CP giving rises, MBC Executive Board to recommend budget increase for 2005
By Allen Palmeri
Staff Writer
July 20, 2004
JEFFERSON CITY – Messengers to the Missouri Baptist Convention (MBC) annual meeting in October will be asked to approve a 2005 budget of $16.7 million, $500,000 more than was approved in each of 2003 and 2004.
With giving through the Cooperative Program (CP) on the rise, the MBC Executive Board July 13 chose to recommend the increased budget with one percent, or $167,000, set aside to promote the CP. The budget will include small increases for church planting and The Pathway, along with personnel pay raises, MBC Executive Director David Clippard said. Establishing a $16.7 million budget is very appropriate, he noted.
“We might break $17 (million), but I do believe the $16.7 (million) is a good, conservative number for us,” Clippard said.
Clippard asked for a shout of “Hallelujah!” after MBC Controller Jay Hughes gave a financial report that was full of “good news and good news.” Hughes said that CP giving through June was 3.88 percent ahead of last year’s pace.
“Overall, we’re in good shape,” Hughes said. “Our churches are coming through.”
Buoyed by the good financial news, board members adopted a plan where no CP dollars will be used to fund litigation intended to recover five breakaway agencies. Clippard said the combination of about $500,000 in the Agency Restoration Fund in the form of an approved line of credit and a projected $150,000 given by churches and individuals to the fund this year (coupled with the anticipated level of giving next year) would prevent any use of CP money for this purpose through 2005.
The board did, however, reserve the right to use CP funds if necessary, much to the dismay of John Justice, pastor, Grant Avenue Baptist Church. Justice’s motion to block the legal task force from ever tapping into CP dollars was overwhelmingly defeated, with only three other board members supporting him.
“The board does have the power to use money out of reserves for legal expenses only by a board vote, but we want the convention to be aware of that,” said Kenny Qualls, MBC associate executive director. “At the convention, they (the messengers) will tell us if they like that or don’t like that.”
It was announced that the MBC has a block of 275 rooms at the Clarion Hotel, formerly known as the Adam’s Mark, for the annual meeting Oct. 25-27 at First Baptist Church, Raytown. An additional 228 rooms are being held for individual reservations of messengers and visitors at local hotels. Messengers wanting to reserve rooms may contact Linda Stockton at the MBC at 1-800-736-6227, Ext. 621.
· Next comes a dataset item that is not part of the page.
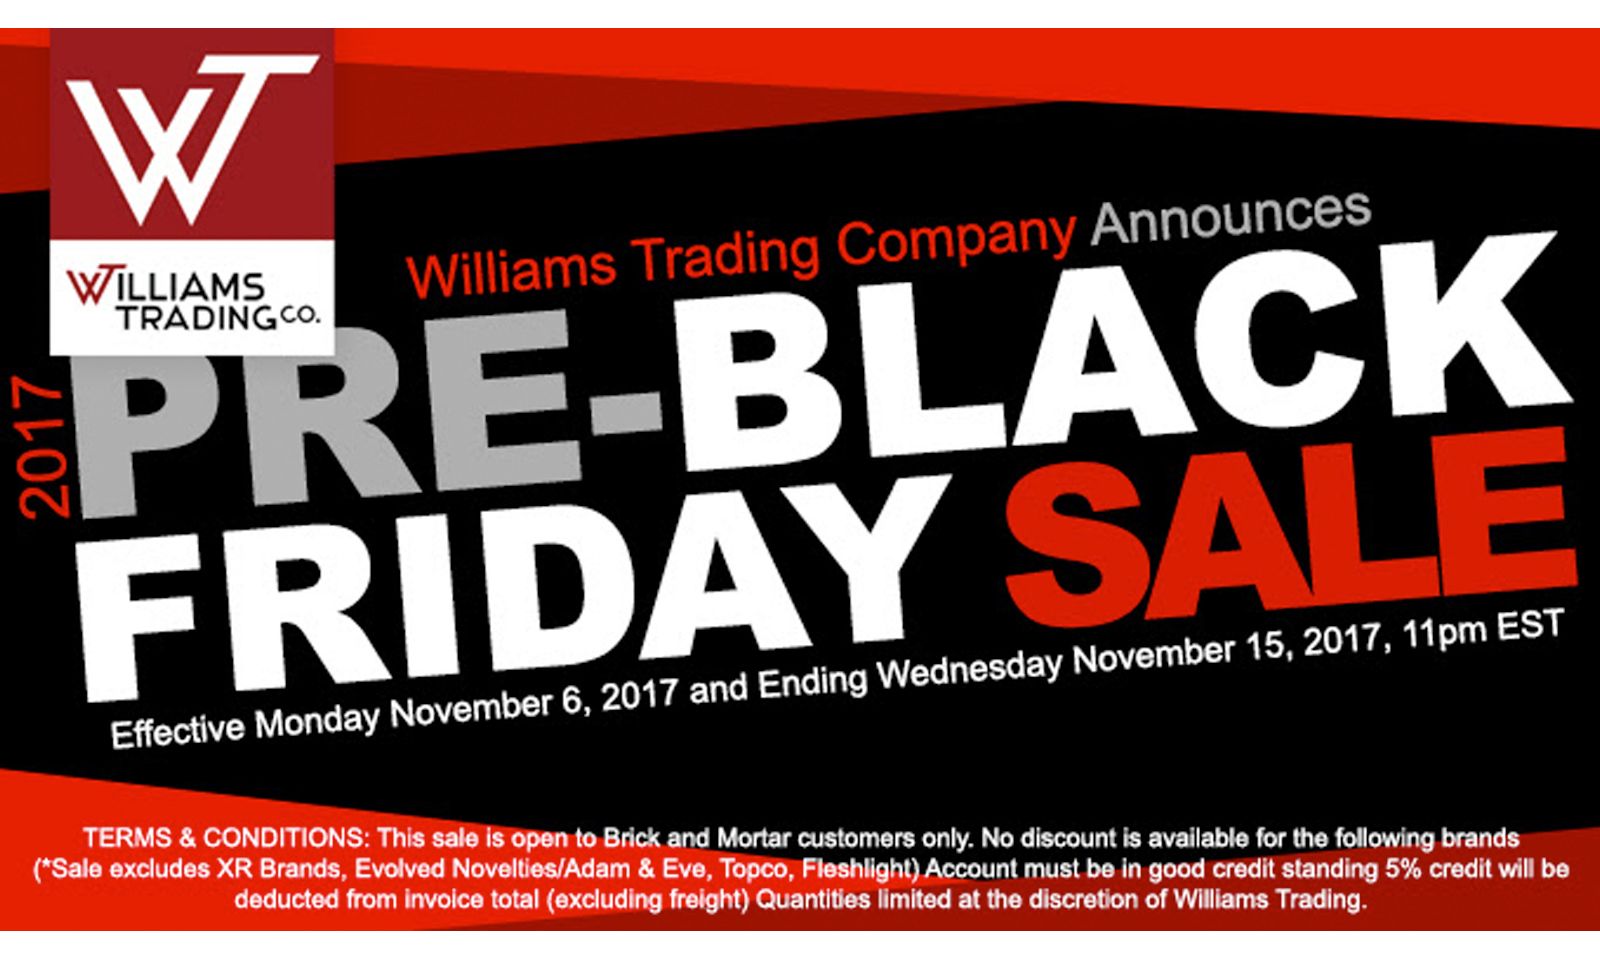 Williams Trading Holding Pre-Black Friday Warehouse Sale

In other action, board members voted to:
- Reallocate funds in the 2004 budget for the Partee Center for Baptist Historical Studies to the new Baptist Archives Center that was created in January by the MBC Historical Commission;
- Give $100,000 from 2005 budget reserves to the undergraduate program at Midwestern Baptist Theological Seminary;
- Add to the MBC job inventory an advertising/website coordinator position for The Pathway;
- Establish a Capital Campaign to raise $650,000 for the construction of a new Baptist Student Union building on the campus of Truman State University in Kirksville;
- Transfer $171,188 in the William Jewell Escrow Fund to reserves.